In revisionist historiography, the Ottoman state was not an empire
for the simple fact that empires conquer and dominate peoples. Their
policies are imperialistic. The new political power holders are
upwardly mobile conservative parochial social cohorts. While they
exalt the Ottoman system they deny its imperial character. They call
the Ottoman state, "the Grand State" (Devlet-i Ali).
Their ideological preference of the Ottoman state over the republican
leads them to mistaken inferences. The first of their mistakes is that
the Ottoman Empire fell apart because of the concerted efforts of its
subjugated peoples and Western imperialists. However, its economy was
incapable of keeping up a colossal political structure. The empire
collapsed largely because of economic entropy. Secondly, the central
authority never allowed subjugated nations to govern their affairs
except for intra-communal relations. A sort of commonwealth system
was never allowed to develop into a "United Ottoman Nations." Thirdly,
Ottoman justice, which is so often praised, was based on a hierarchical
relationship between the Muslims and the rest. As long as the Muslims
were the "dominant nation" (millet-i hakime) and the rest accepted this
reality, they were allowed to govern their intra-communal affairs. It
was not an equal system. When the hierarchy that worked to the benefit
of the ruling Muslims was challenged, bloody reprisals took place
that ended in civil strife, deportation or elimination of peoples
that had lived together for centuries.
What replaced the quality of being Muslim was being Turkish in the
republican era. Justice was not defined as the way minorities were
treated (as equals) but in the way they accepted and adapted to the
reality that they were unequal to the Muslims or the Turks.
The biggest reason why these facts are not commonly known is the
"national education" and the laws that make it virtually impossible
to discuss these issues. That is why hate rhetoric uttered even by top
government officials, labelling Armenians and Greeks as traitors, Kurds
as terrorists and subversives and Alevis as heretics, act with impunity
and set the tone of ongoing discrimination against the minorities.
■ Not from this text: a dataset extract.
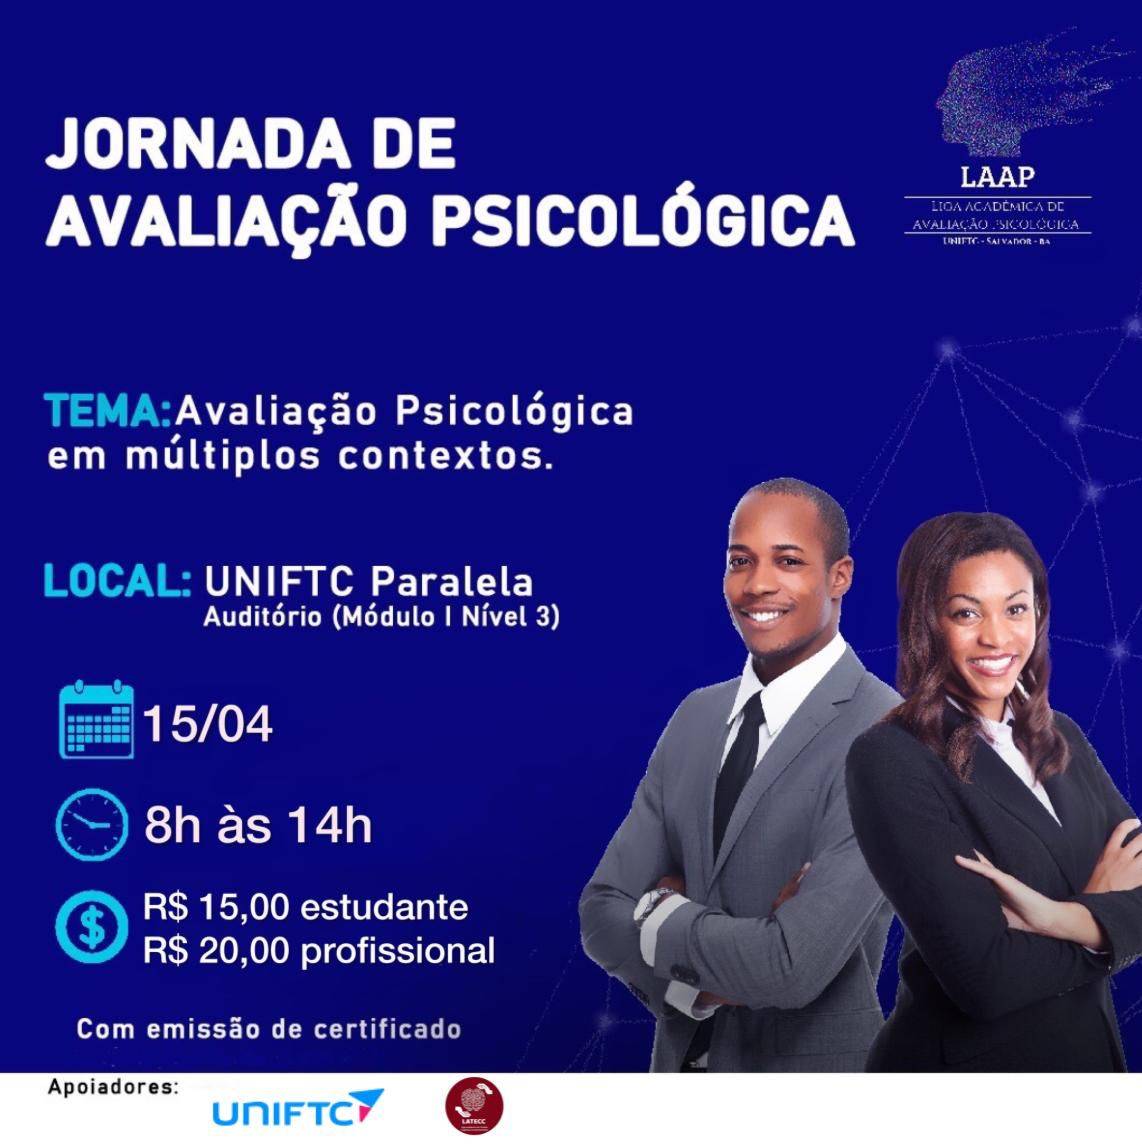 UniFTC e Laap realizam a 1ª Jornada de Avaliação Psicológica em Salvador

Alevis are not granted their basic rights that boil down to three
demands: 1 - Acknowledgement of their cemevis as places of worship; 2 -
exemption of their children from Sunni religious education in secondary
education; 3 - either abolition of the Religious Affairs Directorate,
which is a Sunni institution, or inclusion of the representatives of
all religions and sects into this institution.
The usurpation of property, especially of Christian citizens in
Turkey, has been a part of a shady past but still persists. The Supreme
Court of Appeals of Turkey, namely the Yargitay, is on record calling
non-Muslim citizens of Turkey "resident a liens" in the 1970s while
endorsing the official confiscation of their property.
If you believe that this is all in the unsavoury past, you are wrong.
The fields (276 acres) owned by the Mor (Saint) Gabriel Monastery
of the Aramean Christians near Mardin, which date back to the first
centuries of Christendom (before the advent of the Turks and the
creation of the Ottoman state) is under the attack from the local
villagers.
The local court has examined the evidence and ruled that the property
belongs to the monastery, which has presented its title deed,
receipts of tax payments, etc. However, the Supreme Court of Appeals
has overturned the local court's judgment and decided in favour of
the local claimants. However, in the meantime all the supporting
evidence presented by the legal representative of the monastery has
disappeared from the court's files.
Can we claim to be a just nation if we treat our minorities who
have placed the responsibility of protecting their lives, rights
and freedoms on us, the Muslim Turkish majority? Can we be the right
model for the post-revolutionary societies in the Middle East seeking
a democratic future where the rule of law will shape their political
systems?
by Dogu Ergil
Today's Zaman
July 11 2012
Turkey
We Turks are pretty sure that the Ottoman system was close to being
perfect because it was just. That is why a rejectionist or, better,
revisionist, historiography has appeared over the last few decades
that has downplayed the republican history and exalted the Ottoman.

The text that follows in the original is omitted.